Posted by Jason O on Apr 13, 2014 in British Politics, European Union, Not quite serious.

The British general election of 2016, held after the collapse of the minority Cameron government of 2015-2016, is recorded in history alongside the 1945, 1979 and 1997 general elections as an election of major historical significance. In short, a key turning point in the politics of Britain.

Not only was it noticeable for the radical overturning of conventional politics with UKIP’s emergence as the largest party in the House of Commons, but also for the election when Britain’s first-past-the-post electoral system finally suffered a major malfunction.

Following UKIP’s modest entry into the Commons in the 2015 general election, and the hung result of that election with the Conservatives remaining the largest party but just barely ahead of Labour, it was not surprising that a second election was to occur within a year. This was triggered primarily by the inability of either David Cameron or Nick Clegg to convince their respective parliamentary parties to consider a second coalition, and the fact that a Labour/Lib pact would just narrowly miss a majority.

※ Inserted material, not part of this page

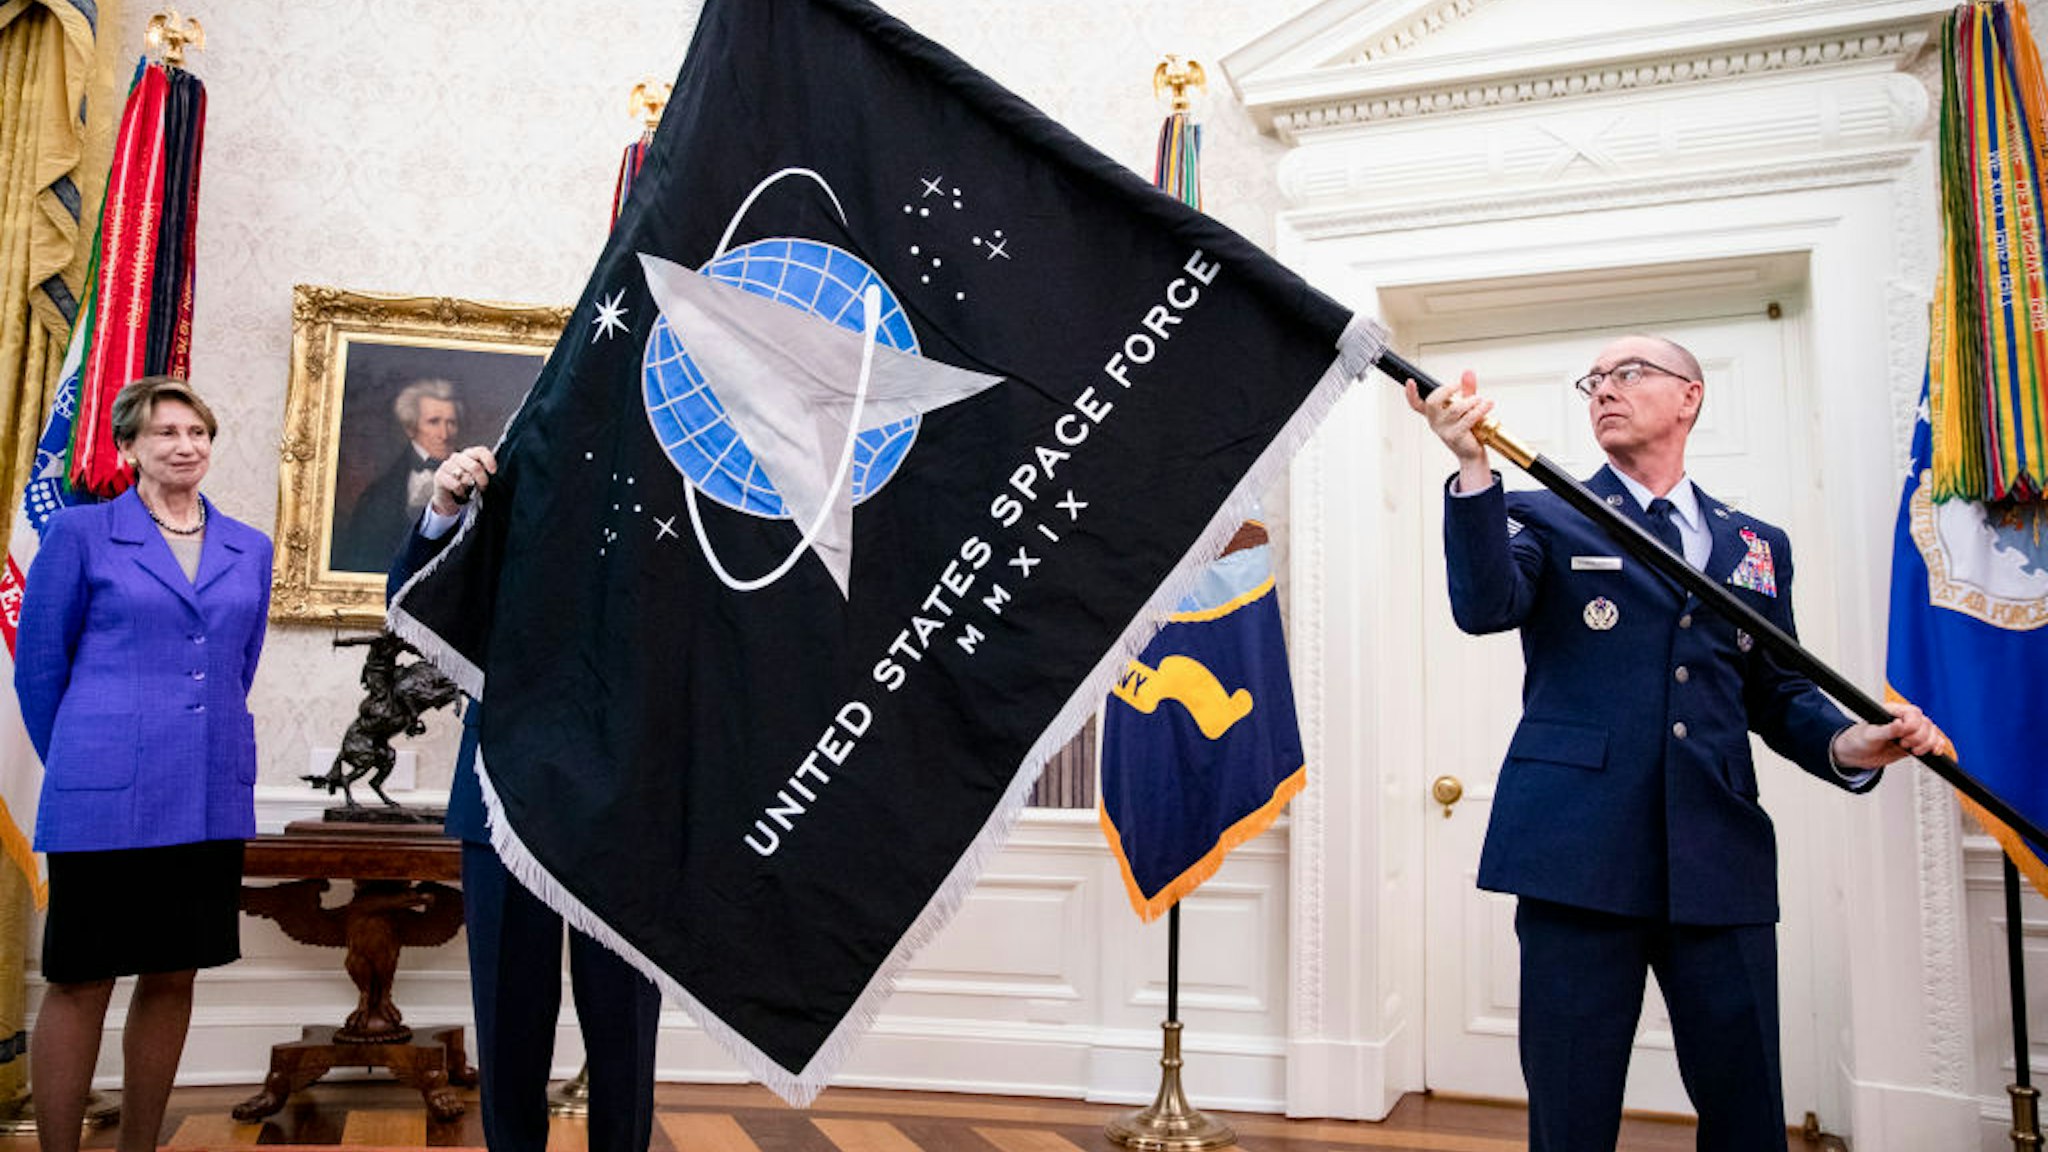 Gen. Jay Raymond (R), Chief of Space Operations, and CMSgt Roger Towberman (L), with Secretary of the Air Force Barbara Barrett present US President Donald Trump with the official flag of the United States Space Force in the Oval Office of the White House in Washington, DC on May 15, 2020.

The following months were hellish for Cameron, with UKIP, the Conservatives and Labour all level pegging in opinion polls in the early twenties, and with the Lib Dems, now freed from the shackles of government, stabilising at mid-teen level. The Conservative party was now engaged in open civil war between the minority Cameron modernisers and the majority who wished for an open pact with UKIP for the expected next ballot. Cameron and Hague, his foreign secretary, both openly opposed such a pact. It eventually resulted in a vote of no confidence passed by his own parliamentary party, followed by his resignation as both Conservative leader and Prime Minister a mere eleven months after the last election. Read more…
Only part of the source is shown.